Acacia colei is a spreading shrub that typically grows to a height of 2–4 m, sometimes a tree to 9 m. Its new shoots are covered with silky, pale yellow-brown hairs that soon age to silvery. The branchlets are covered with silvery, silky hairs. The phyllodes are ascending, narrowly elliptic and more or less straight, 7–23 mm long, 10–45 mm wide, and often shallowly turned down at tip.

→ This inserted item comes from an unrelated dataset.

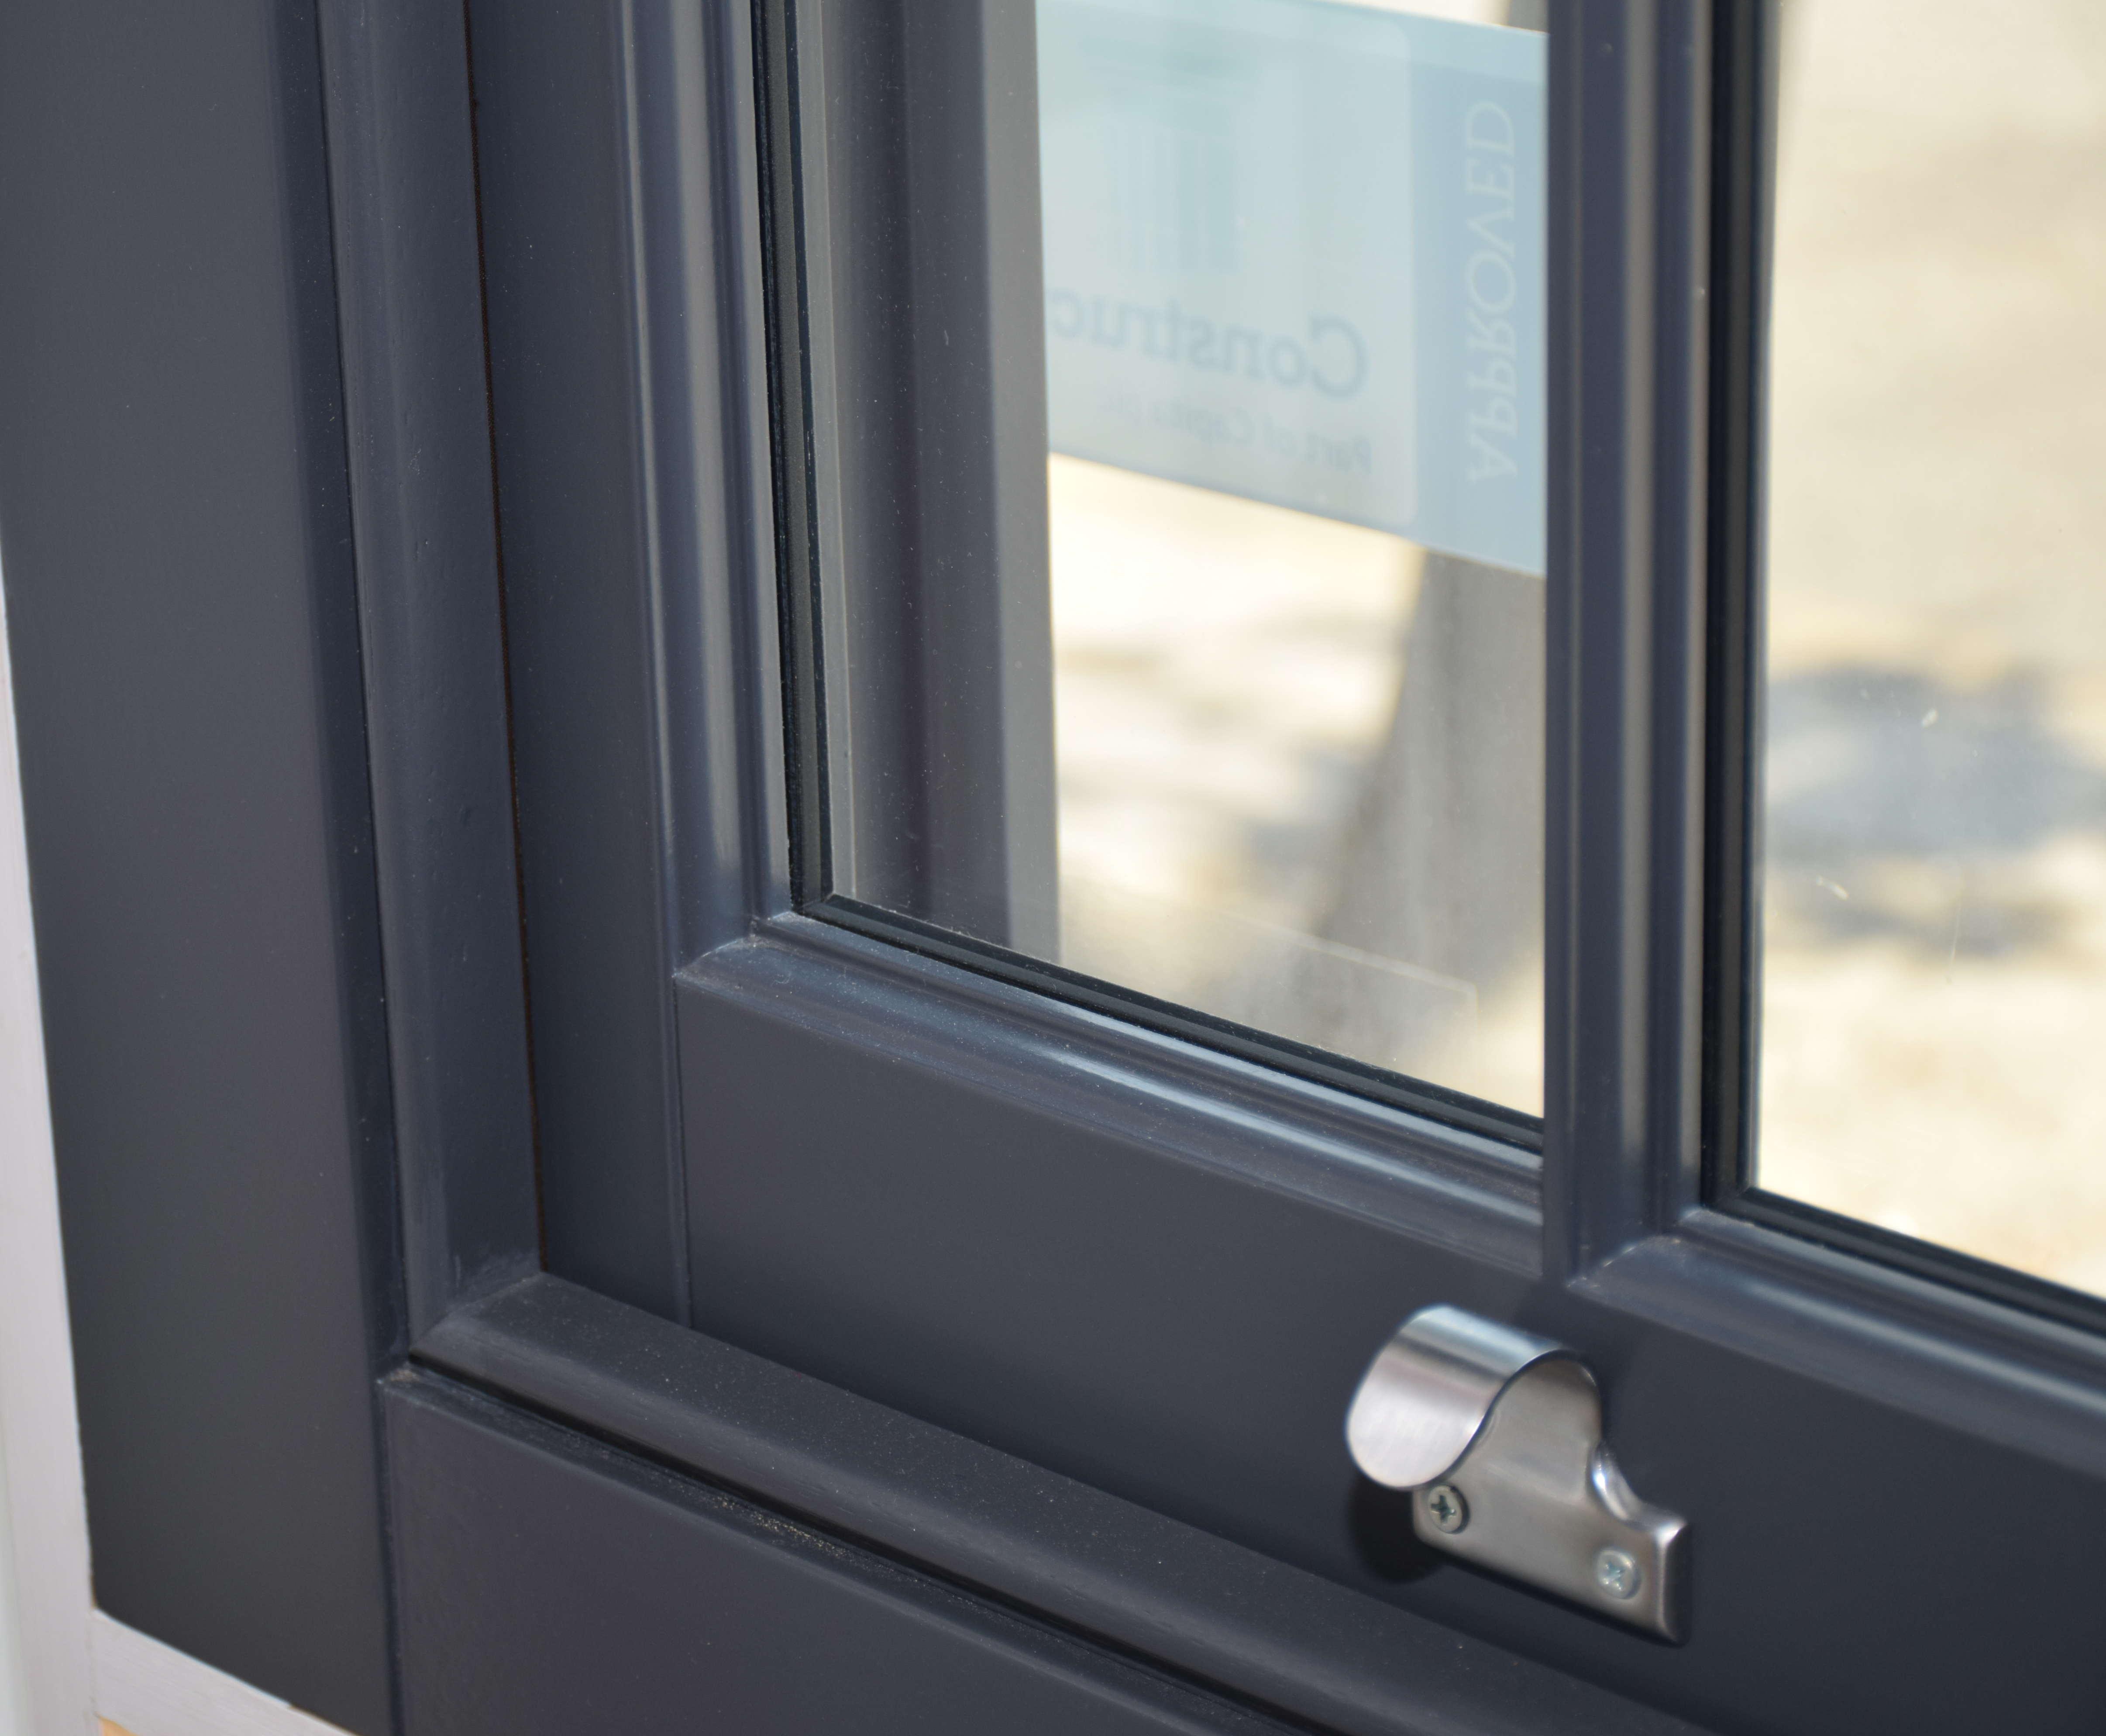 bespoke_windows_london_ltd_.traditional_sash_windows_with_slimline_glassJPGforwebsite

The flowers are borne in two spikes in axils on peduncles 3–5 mm long, each spike 30–70 mm long with golden yellow flowers. Flowering occurs from May to September, and the pods are curved or coiled depending on subspecies, thinly leathery to crust-like, 3.5–4 mm wide. The seeds are oblong, glossy, very dark brown to black with a bright yellow aril.

== Taxonomy ==
Acacia colei was first formally described in 1992 by Bruce Maslin and Lex Thomson in the journal Australian Systematic Botany from specimens collected in the Broome townsite in 1991. The specific epithet (colei) honours the CSIRO seed collector, Mr E.G. (Jerry) Cole, "who assisted in extensive botanical and seed collections of A. colei in 1984".

In 1997, Maurice W. McDonald and Bruce Maslin described var. ileocarpa, and its name and that of the autonym are accepted by the Australian Plant Census:
- Acacia colei Maslin & L.A.J.Thomson var. colei (the autonym) has phyllodes 20–45 mm wide, curved pods, sometimes into an open circle, and seeds 3.5–4.0 mm long.
- Acacia colei var. ileocarpa M.W.McDonald & Maslin has phyllodes 10–25 mm wide, tightly and irregularly coiled or twisted pods, and seeds 3.0–3.5 mm long.

==Distribution and habitat==
Cole's wattle is found throughout northern Australia between latitudes of 16°S and 22°S from the Pilbara and Kimberley regions of Western Australia in the west extending east through the Tanami Desert and Great Sandy Deserts in the Northern Territory and into the Simpson Desert and Gulf Country of western Queensland. It is well adapted to an arid environment and is found in a variety of habitats including stony hills and ridges, sandplains, floodplains and along drainage lines growing in stony, sandy, clay-loam soils.

Variety ileocarpa has a scattered distribution in the southern Kimberley region and adjacent parts of western Northern Territory, and a restricted distribution in the Pilbara region.

== Uses ==
Its uses include environmental management, forage, and wood. The seeds have a good taste and can be eaten raw, cooked, or ground into flour. The results of tests in Nigeria for the feasibility of raising the tree as a drought-resistant food crop came out very positively.

== Chemistry ==
There are some recent reports that up to 1.8% dimethyltryptamine (DMT) is present in the bark of Acacia colei.

==In culture==
The Walmadjari people in the Kimberley call this wattle, parta, the Djaru people call it barrawi or barrabi.